Diagnosis and treatment

Diagnosis of the presence of the ciliate Balantidium coli in the body is carried out using a native (preserving the natural structure and color of the test material) smear or scraping from the affected area of ​​the intestine, taken using the sigmoidoscopy procedure. The ciliates themselves are detected quite easily due to their large size, characteristic shape and high mobility. Cysts are more difficult to detect. They can be recognized using solutions stained with Lugol's preparation. Typically, a small amount of balantidia is observed in smears, and to make an accurate diagnosis it is necessary to undergo analysis several times. Important information when making a diagnosis is the patient’s place of residence, the proximity of farms and places where livestock are kept.

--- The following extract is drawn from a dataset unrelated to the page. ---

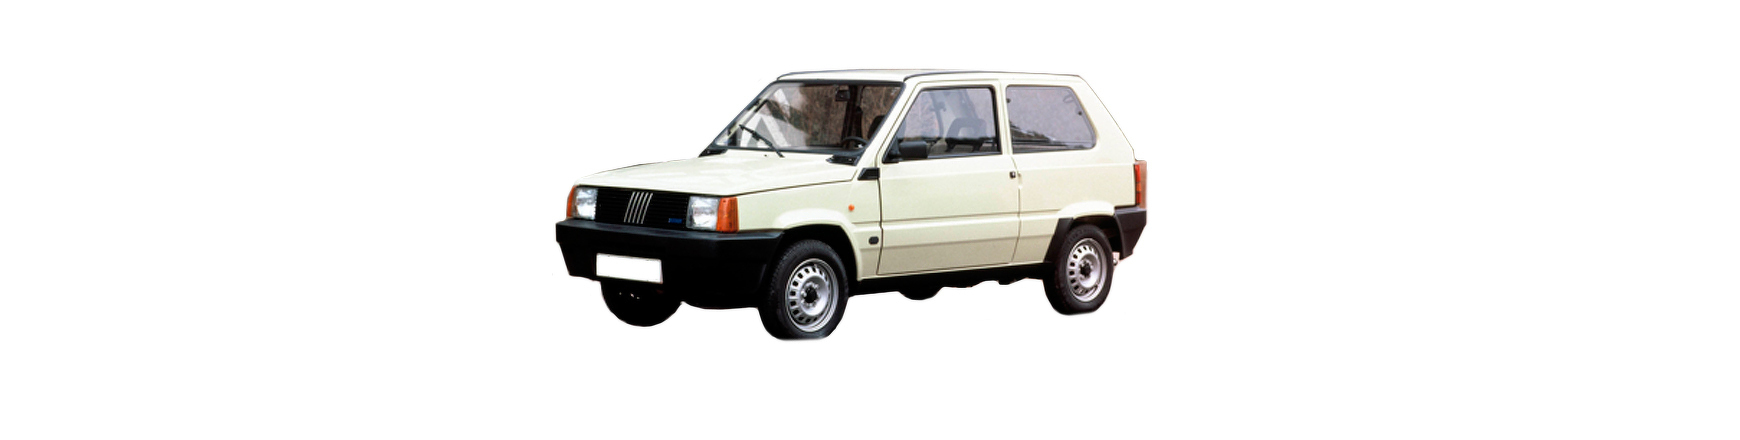 Recambios de Fiat Panda de 1986 1987 1988 1989 1990 91 92 93 94 95 96

Diagnosis of dangerous bacteria is carried out in several ways:

Research under a microscope

In this case, a native smear is examined. Balantidia are clearly visible under magnification, since their length is about 75 µm and thickness is about 40 µm. To detect it, a small magnification of the microscope is sufficient. To study the microorganism in more detail, it is worth removing excess liquid from the preparation. The causative agent of the disease will slow down and it can be examined in more detail. At this magnification, cilia are visible that evenly cover the egg-shaped body of the ciliate. In the center, a bean-shaped body is visible - the vegetative nucleus (macronucleus). It is surrounded by a turbid granular liquid - endoplasm. The next layer is ectoplasm and cytoplasm, which limits the cell from the external environment. Vacuoles are located in the front and back of the body. They look like light balls that appear and disappear.

Heidenhain method

When studying a drug using the Heidenhain method, the signs of microorganism manifestation are the same as when examined under a microscope. Observation is also carried out at a relatively low magnification. Balantidia are easily detected due to the internal structure of the cell. A slight difference is observed in the absence of cilia in the medium in question.

Culture method

To study balantidia using this method, Rice medium is used.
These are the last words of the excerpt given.